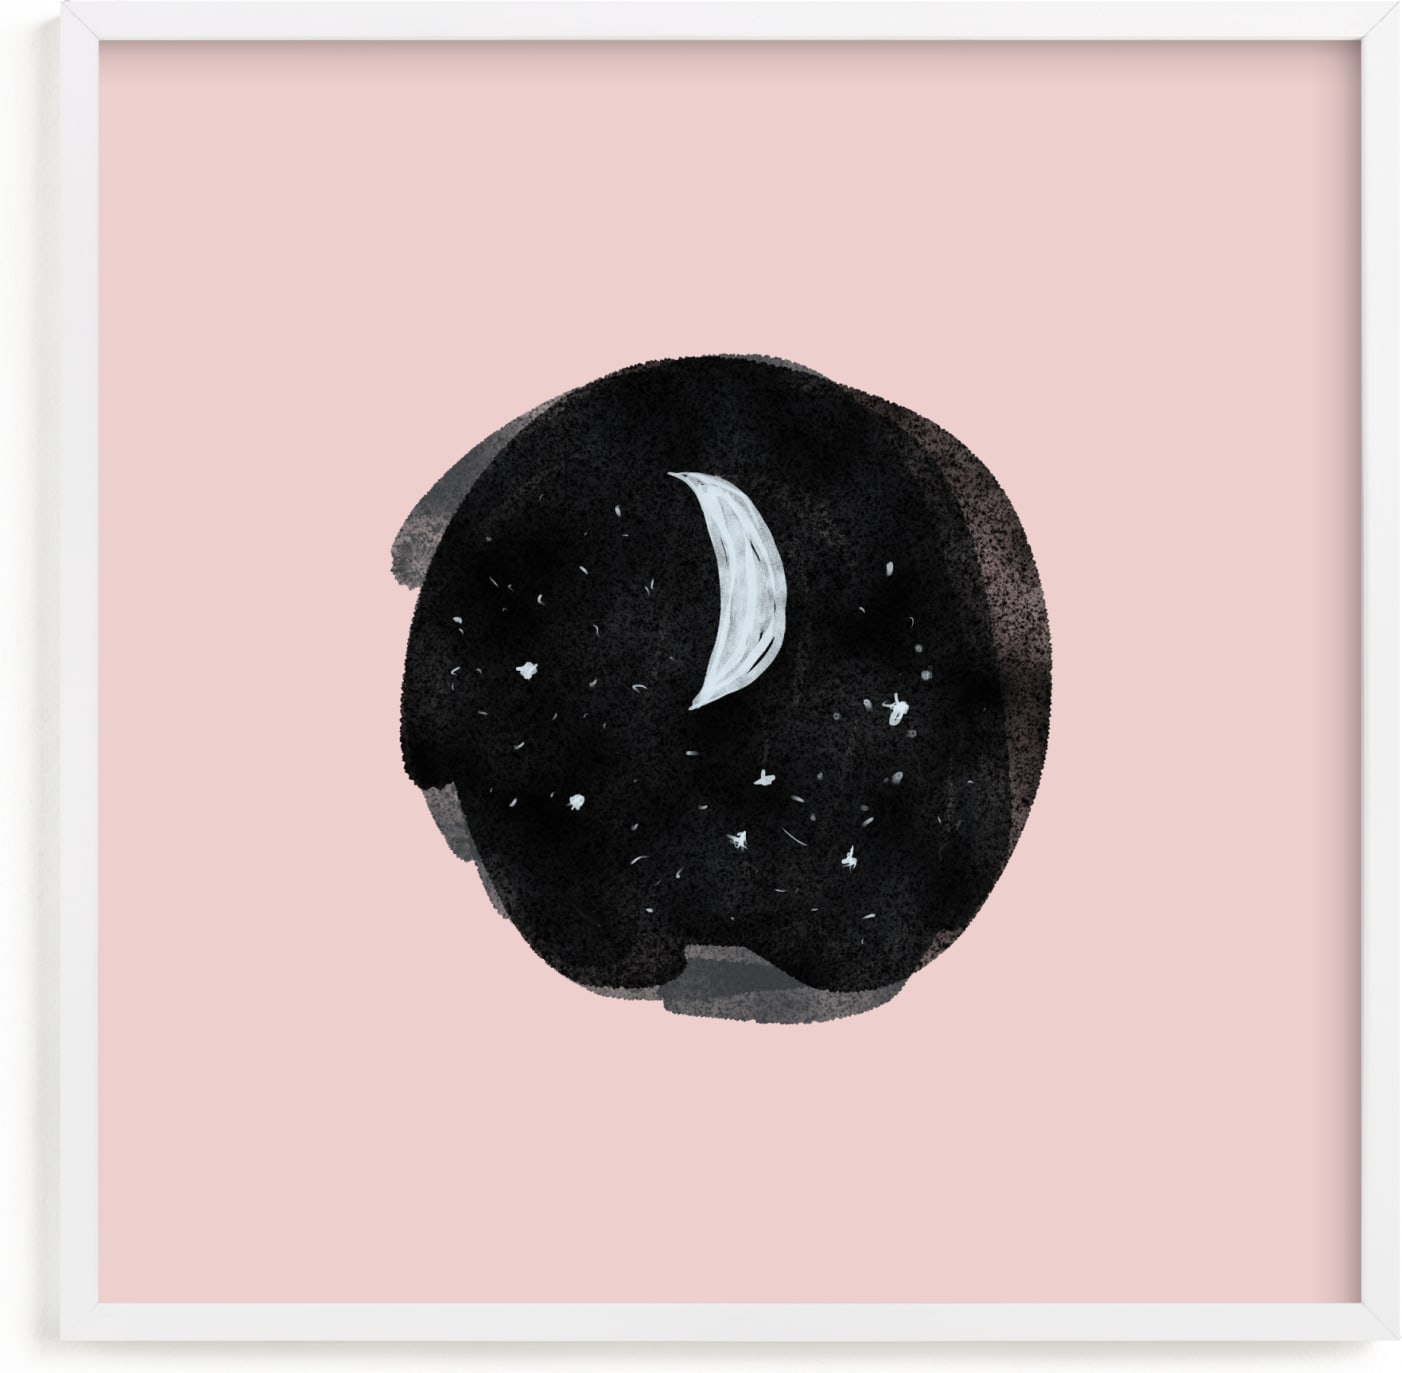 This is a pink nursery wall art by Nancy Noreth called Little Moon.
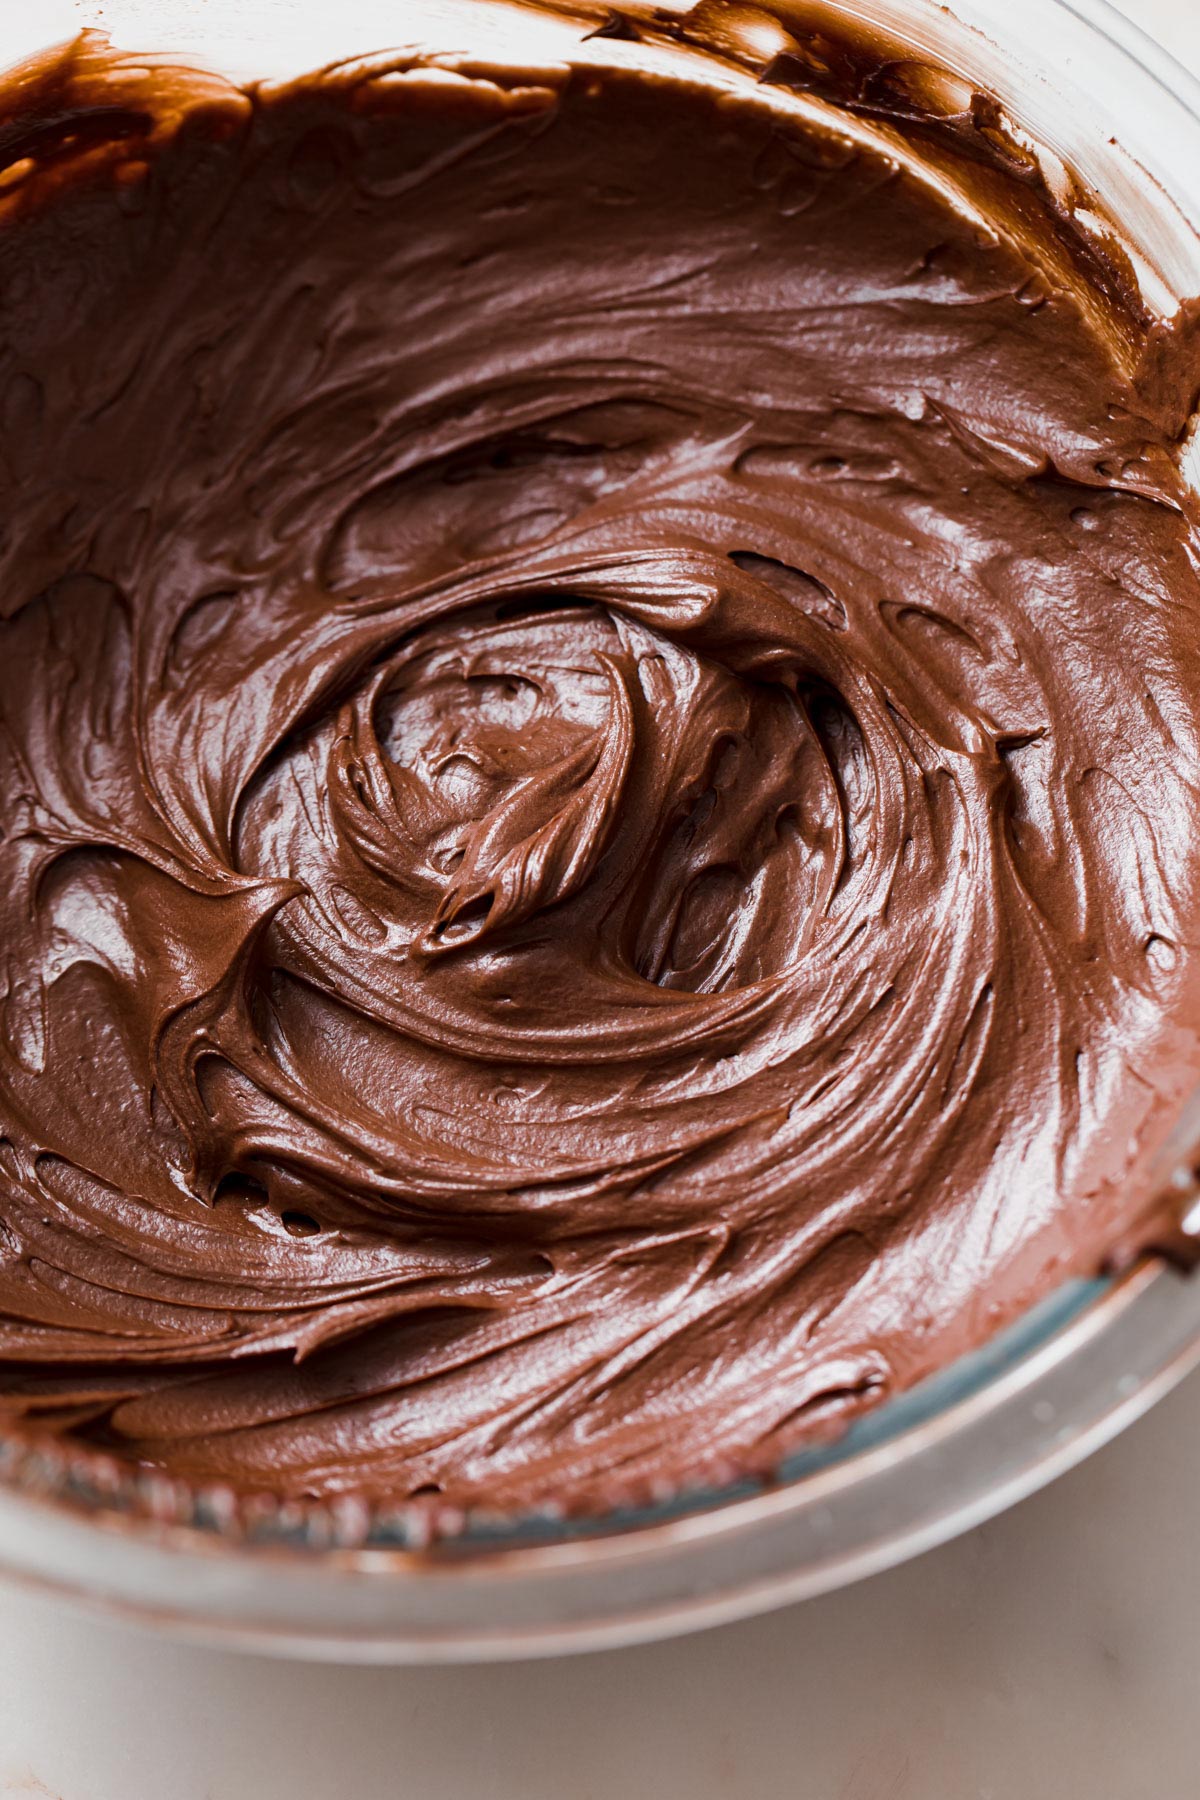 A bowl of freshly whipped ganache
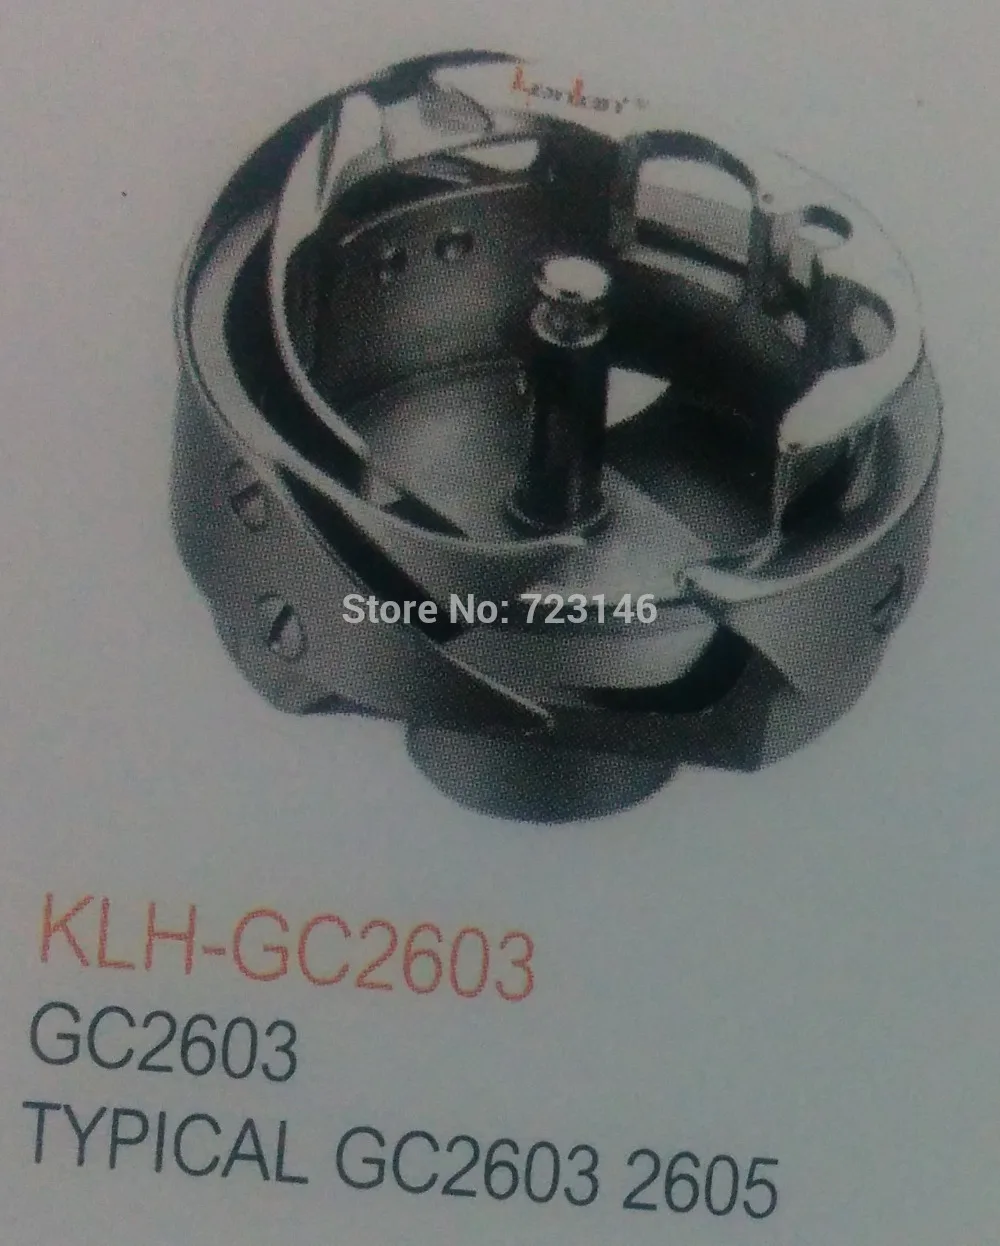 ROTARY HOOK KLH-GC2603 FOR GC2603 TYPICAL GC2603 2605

= ACTIVITY =
Print exactly, and only, the lines from the one with "A bowl of freshly whipped ganache" through the last line of the listing above. No pictures belong in the copy.

= YOUR RESPONSE =
 A bowl of freshly whipped ganache
 ROTARY HOOK KLH-GC2603 FOR GC2603 TYPICAL GC2603 2605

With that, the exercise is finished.